How many illegal aliens does it take to change a light bulb? AY CHIHUAHUA! The National Guard is coming, change it yourself!!!
That pretty much summarizes what was undoubtedly the most important news story of the last week, a report that was all but buried by the mainstream media. While the press continues to pretend that the real central story in the ongoing illegal immigration debate remains in Congress, where the liberal Senate amnesty bill just had its feeding tube removed by House Speaker Dennis Hastert (R.-Ill.), a miracle has taken place in the deserts of the Southwest.
Total detentions of aliens attempting to sneak across the Mexican border have plummeted an unimaginable 21% in the first 10 days of June compared to the same period last year. This drop occurs at a time when enforcement efforts are at a recent high, due to political concerns, and reflects a precipitous drop in total attempted border crossings. According to an Associated Press report, Jorge Vazquez, a director of “Grupo Beta,” an agency funded by the Mexican government and that works to aid and abet Mexicans seeking to enter the United States illegally, his agents have seen a similar drop in traffic on his side of the border.
The shocking drop-off in human smuggling is attributed to one factor: the arrival of the National Guard on the border. That’s quite an accomplishment for just 55 guardsmen, who did not even arrive until June 3 and are working entirely in support roles with the Border Patrol. What has really stemmed the tide is just the idea that troops are coming to the border—a fact that has found widespread exaggeration in the Mexican media.
The small National Guard deployment that started as a political stunt by President Bush and the other proponents of amnesty has ended up disproving one of the most cherished myths of the open borders propaganda machine: that nothing can stop the human tide that has been allowed to flood across our borders. It seems that just the rumor that we might be getting serious about enforcement can stop thousands of aspiring illegal aliens in their literal tracks.

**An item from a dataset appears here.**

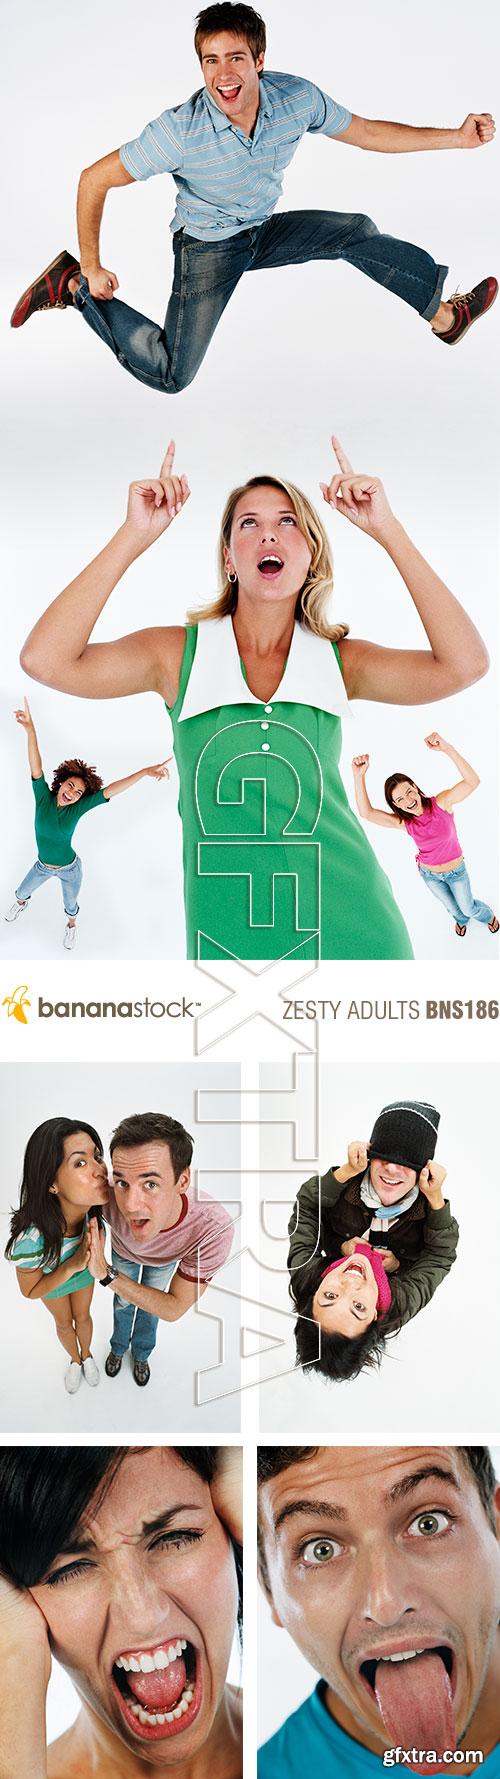 BananaStock BNS186 Zesty Adults

The AP report quoted the operator of one “shelter” for infiltrators waiting to cross the border as saying, “Some migrants have told me they heard about the troops on television and, because the U.S. Army doesn’t have a very good reputation, they prefer not to cross.”

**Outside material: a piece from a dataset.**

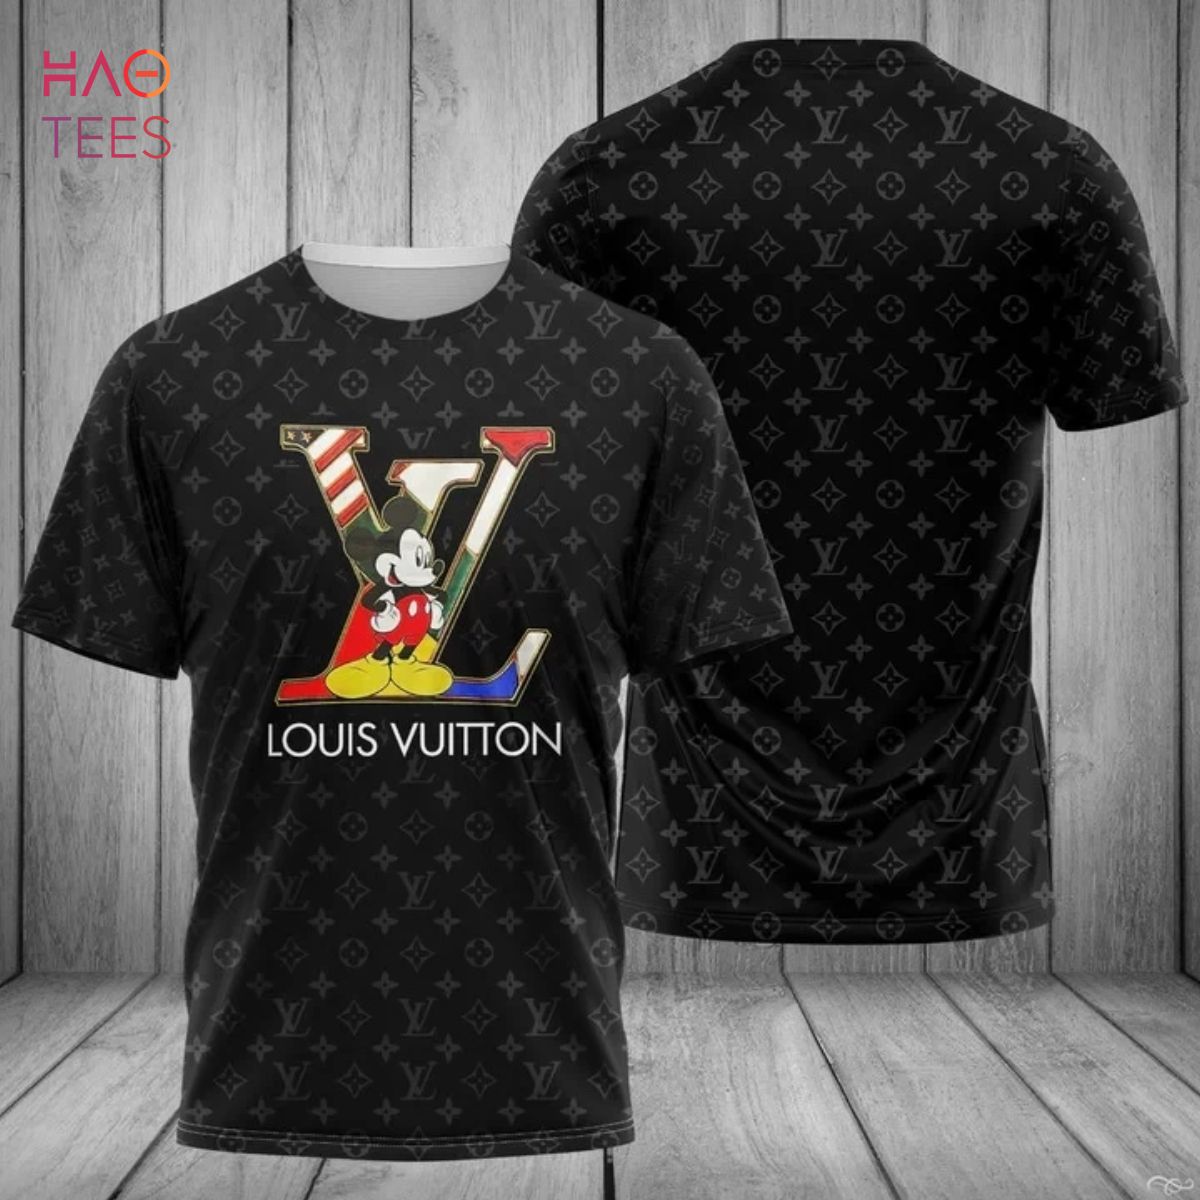 Louis Vuitton Louis 4 Vuitton T-Shirt

Actually, it sounds to me like the U.S. military has an ideal reputation. It must be the Border Patrol that has a poor reputation within the Mexican smuggling community.
The snipe at the military’s reputation was in reference to “reports of abuse in Iraq.” If this explanation is true, then it should forever end any claim that the war in Iraq has not made America any safer. I mean, really, we should get Lyddie England a Sombrero and new digital camera immediately. One pixelly snapshot of her pointing menacingly at some muchacho’s machismo and we may not even need to build a border fence.
But of course a better explanation might be that the fear of the military among so-called “migrants” has more to do with their own experiences with the Mexican military. The Mexican army is hypocritically stationed on the southern border of Mexico to intercept illegal aliens trying to sneak into Mexico from Central America and is reported to routinely beat, rob, bully and rape the Guatemalans and Hondurans that are just trying to do the jobs that no Mexican will do. But whatever the true source of the fear, its stark result shows just how effective it can be to declare that the “wink, wink, nudge, nudge” games are over.
Compare the chilling effect that the talk of enforcement has had on border infiltration to the opposite effect that all the previous talk of amnesty had, when border apprehensions and crossings spiked. Francisco Loureiro, apparently the same shelter operator that the AP quotes last week as saying that his shelter was nearly empty due to the fearsome reputation of the U.S. military, was credited in a separate article during the Senate’s slide toward a guest-worker amnesty last April as saying that “he has not seen such a rush of migrants since 1986, when the United States allowed 2.6 million illegal residents to get American citizenship.”
The drastic change in traffic through Loureiro’s hidey-hole hotel is powerful proof that amnesty cannot be part of the solution to illegal immigration. Amnesty simply encourages illegal immigration. Enforcement, pure and simple, is the only effective solution to illegal immigration. When the law is taken seriously, it is obeyed. When it is declared optional, it is not.
The government and the media can bury it, or ignore it, or distort it, but the incredible change on the border this month demonstrates beyond any reasonable doubt that the illegal alien invasion has been an invited one, caused by government sending all the wrong signals about America’s commitment to border enforcement.
The only way to undo such damage is to send a new message, loudly and clearly: anonymous border infiltration is illegal and will result in summary deportation, or worse. Those who wish to immigrate will apply, be screened and wait for our permission to enter our country.
The problem is already 21% solved. Failure to follow through now would be a waste of a huge opportunity to speak through actions.